We see that the new file does not currently have any annotation layer. We will now show the bfannot file that we will be appending to the file.

1
2
3
4
5
 # read .bfannot file to pandas dataframe
 import pandas as pd

 bf_annot=pd.DataFrame.from_csv('example_data/test.bfannot')
 bf_annot
test.bfannot
version package_type layer_name layer_description annotation_label start_uutc end_uutc channel_names annotation_description
1.0 TimeSeries layer1   ‘event1’ 0 2000000 chan002  
1.0 TimeSeries layer1   ‘event2’ 0 4000000 chan004  
1.0 TimeSeries layer1   ‘event3’ 5000000 10000000 chan006  
1.0 TimeSeries layer1   ‘event4’ 1000000 15000000 chan008  
1.0 TimeSeries layer1   ‘event5’ 0 2000000 chan010  
1.0 TimeSeries layer2   ‘Newevent1’ 0 4000000 chan009  
1.0 TimeSeries layer1   ‘event6’ 0 6000000 chan012  
1.0 TimeSeries layer1   ‘event7’ 0 7000000 chan014  
1.0 TimeSeries layer1   ‘event8’ 0 8000000 chan016  
1.0 TimeSeries layer2   ‘Newevent2’ 3000000 6000000 chan011  

The bfannot file specifies a series of annotations. In this example, we will be creating two new annotation layers (layer1 and layer2). A series of sample events are added to both layers.
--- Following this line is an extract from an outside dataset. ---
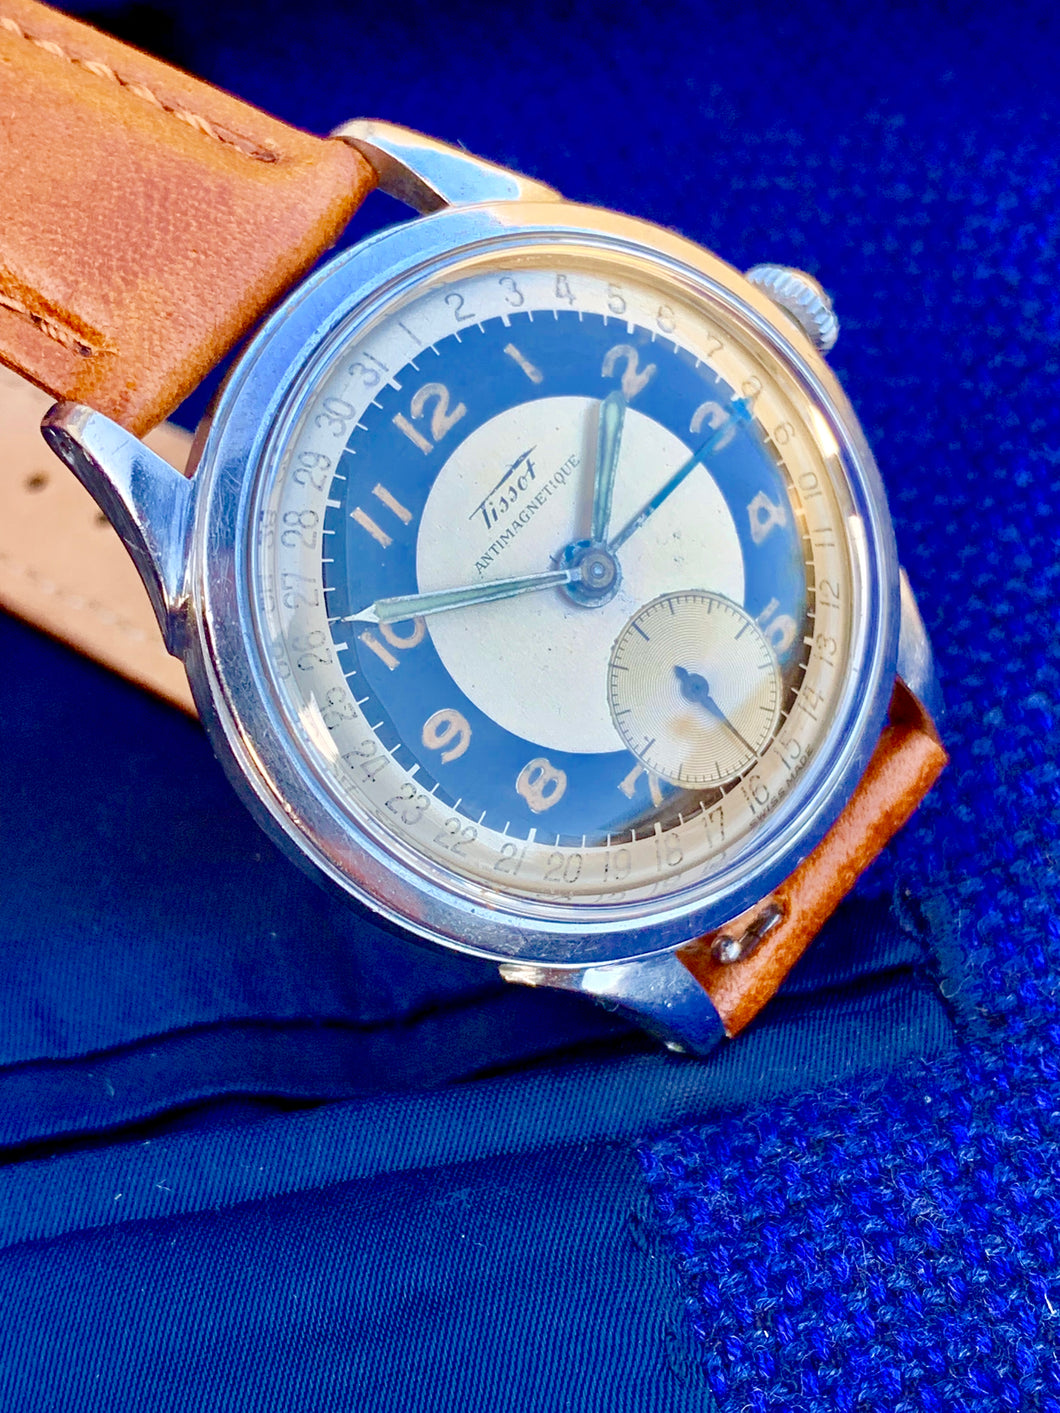 1948 Tissot Pointerdate with the famous cal. 27

We will add these annotations to our timeseries package by just simply using the append_annotation_file() method.

1
2
3
4
5
6
7
 # append annotation file to timeseries package
 ts.append_annotation_file('example_data/test.bfannot')

 # show annotation layers
 print "\nCurrent Annotation Layers:"
 for layer in ts.layers:
     print layer
Added annotations to layer <TimeSeriesAnnotationLayer name='layer1' id='309'> , pkg: <TimeSeries name='test_10hz_1ms' id='N:package:ddfd5e30-e469-4fb1-ba2f-422e74782558'>
Added annotations to layer <TimeSeriesAnnotationLayer name='layer2' id='310'> , pkg: <TimeSeries name='test_10hz_1ms' id='N:package:ddfd5e30-e469-4fb1-ba2f-422e74782558'>

Current Annotation Layers:
<TimeSeriesAnnotationLayer name='layer1' id='309'>
<TimeSeriesAnnotationLayer name='layer2' id='310'>

We see that annotation layers layer1 and layer2 have been added to our timeseries package. We can now see the added events individually.

 1
 2
 3
 4
 5
 6
 7
 8
 9
10
11
12
13
14
15
16
17
 # get entire first annotation layer
 layer1 = ts.get_layer('layer1')

 # print annotation information for first layer
 print("\n---------------- Information for Layer: {} ----------------\n").format(str(layer1.name))
 for annotation in layer1.annotations():
     print "label:", annotation.label, "channels: ", annotation.channel_ids, "start: ", annotation.start, "end: ",\
         annotation.end

 # get entire second annotation layer
 layer2 = ts.get_layer('layer2')

 # print annotation information for first layer
 print("\n---------------- Information for Layer: {} ----------------\n").format(str(layer2.name))
 for annotation in layer2.annotations():
     print "label:", annotation.label, "channels: ", annotation.channel_ids, "start: ", annotation.start, "end: ",\
         annotation.end
---------------- Information for Layer: layer1 ----------------

label: 'event8' channels:  [u'N:channel:4d935925-7c20-42b5-b6bf-ee403295ffa9'] start:  0 end:  8000000
label: 'event2' channels:  [u'N:channel:285621c9-e011-41bc-b182-9fa2d5d55707'] start:  0 end:  4000000
label: 'event7' channels:  [u'N:channel:b376333b-f6fd-45c4-b6b6-d058f4ec14af'] start:  0 end:  7000000
label: 'event1' channels:  [u'N:channel:0f6f8f27-8e44-4ead-a729-5f5646de0ff1'] start:  0 end:  2000000
label: 'event5' channels:  [u'N:channel:05723911-c2b7-460d-b8cc-a384fbc13c6c'] start:  0 end:  2000000
label: 'event6' channels:  [u'N:channel:36b9a8c7-0eac-4827-afb8-27db9d70a143'] start:  0 end:  6000000
label: 'event4' channels:  [u'N:channel:b18f17c5-ff4b-430a-a852-5c14c0d01047'] start:  1000000 end:  15000000
label: 'event3' channels:  [u'N:channel:7a5231ba-1caf-4dd7-8486-93ac31b20ca3'] start:  5000000 end:  10000000

---------------- Information for Layer: layer2 ----------------

label: 'Newevent1' channels:  [u'N:channel:5a505ec2-93b3-4d07-a0dc-eaa9ac7f4661'] start:  0 end:  4000000
label: 'Newevent2' channels:  [u'N:channel:38ccd079-7ee6-4d76-815c-1db54ad3ce4a'] start:  3000000 end:  6000000

The output shows that we have successfully added all of our annotation files to the timeseries package.